Apple’s New Open Source AI Model for Image Editing: MGIE and Multimodal Large Language Models (MLLMs)
2 min readApple, a company known for its innovative technology and consumer electronics, has recently entered the AI game with its new open source AI model for image editing, named MGIE (MLLM-Guided Image Editing). This groundbreaking technology, developed in collaboration with researchers from the University of California, Santa Barbara, utilizes multimodal large language models (MLLMs) to interpret text-based commands when manipulating images.
The significance of MGIE lies in its ability to transform simple or ambiguous text prompts into detailed and clear instructions that the photo editor itself can follow. For instance, if a user types in “make this image of a pepperoni pizza more healthy,” MLLMs can interpret it as “add vegetable toppings” and edit the image accordingly. This level of interpretation is crucial as human instructions can sometimes be too brief for current methods to capture and follow.
MGIE’s capabilities extend beyond major image edits. It can also crop, resize, and rotate images, as well as improve brightness, contrast, and color balance through text prompts. Furthermore, it can edit specific areas of an image, such as modifying the hair, eyes, and clothes of a person in the image or removing elements in the background.
Apple’s MGIE model is currently available for experimentation through GitHub, and a demo is also hosted on Hugging Face Spaces. While Apple has yet to announce any plans to incorporate this technology into its products, the potential applications are vast.
The use of MLLMs in image editing is a significant step forward in the field of AI. These models have the power to transform text prompts into detailed instructions that can be followed by the image editor. The ability to edit images based on text commands opens up a world of possibilities for content creators, designers, and artists.
Moreover, the use of open source AI models like MGIE allows for collaboration and innovation within the AI community. Developers and researchers can build upon this technology, contributing to its growth and refinement. This approach fosters a culture of continuous improvement and innovation, ultimately benefiting consumers and businesses alike.

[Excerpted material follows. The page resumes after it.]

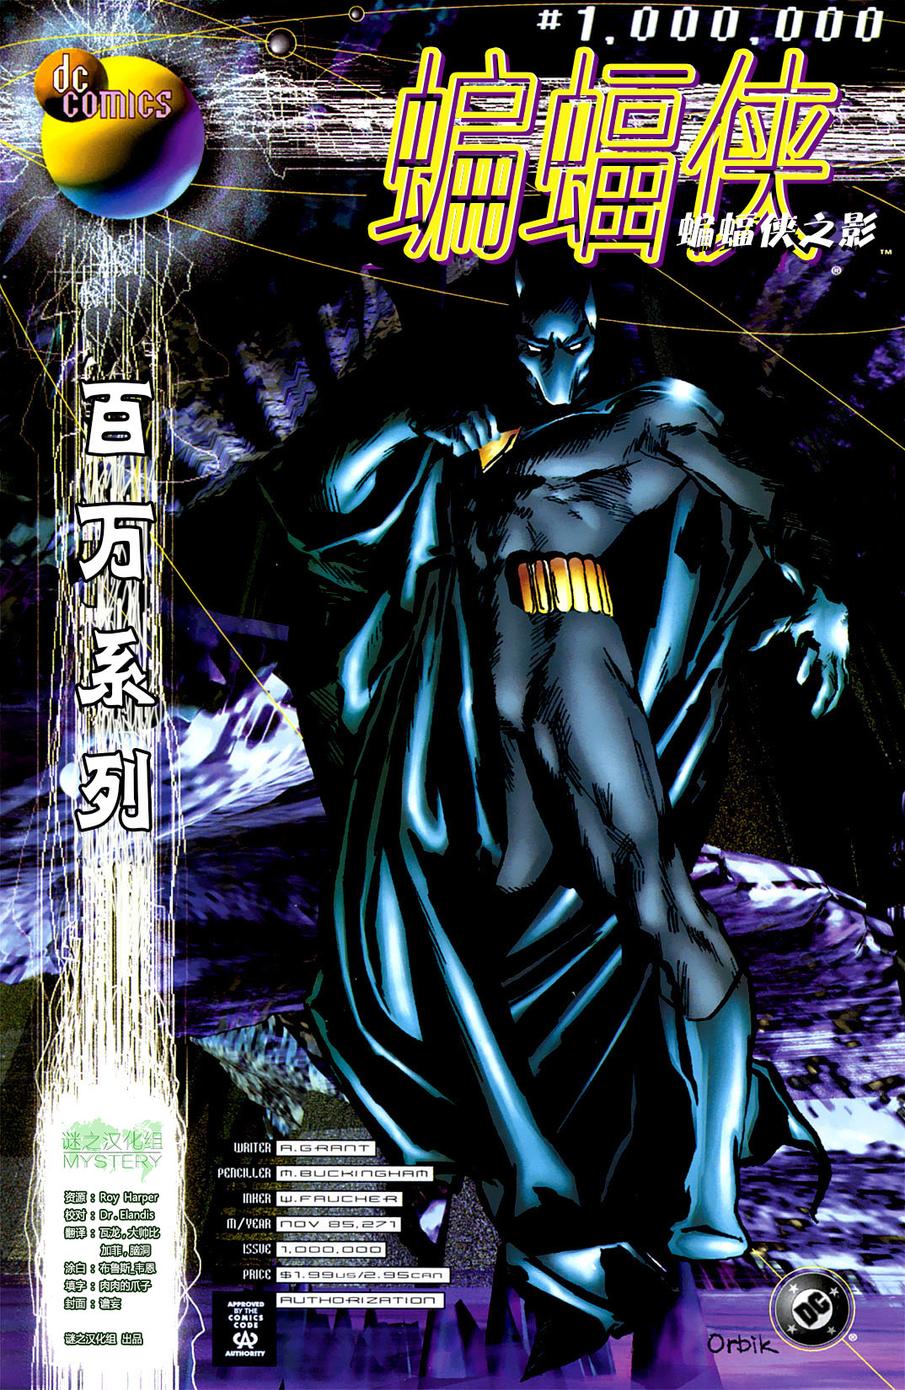 DC百萬系列 - 蝙蝠俠之影#1000000 - 1

In conclusion, Apple’s new open source AI model for image editing, MGIE, represents a significant contribution to the field of AI. Its use of multimodal large language models (MLLMs) to interpret text-based commands when manipulating images opens up a world of possibilities for content creators, designers, and artists. The potential applications of this technology are vast, and its availability through open source platforms allows for collaboration and innovation within the AI community. Apple’s entry into the AI game is a testament to its commitment to innovation and its potential to shape the future of technology.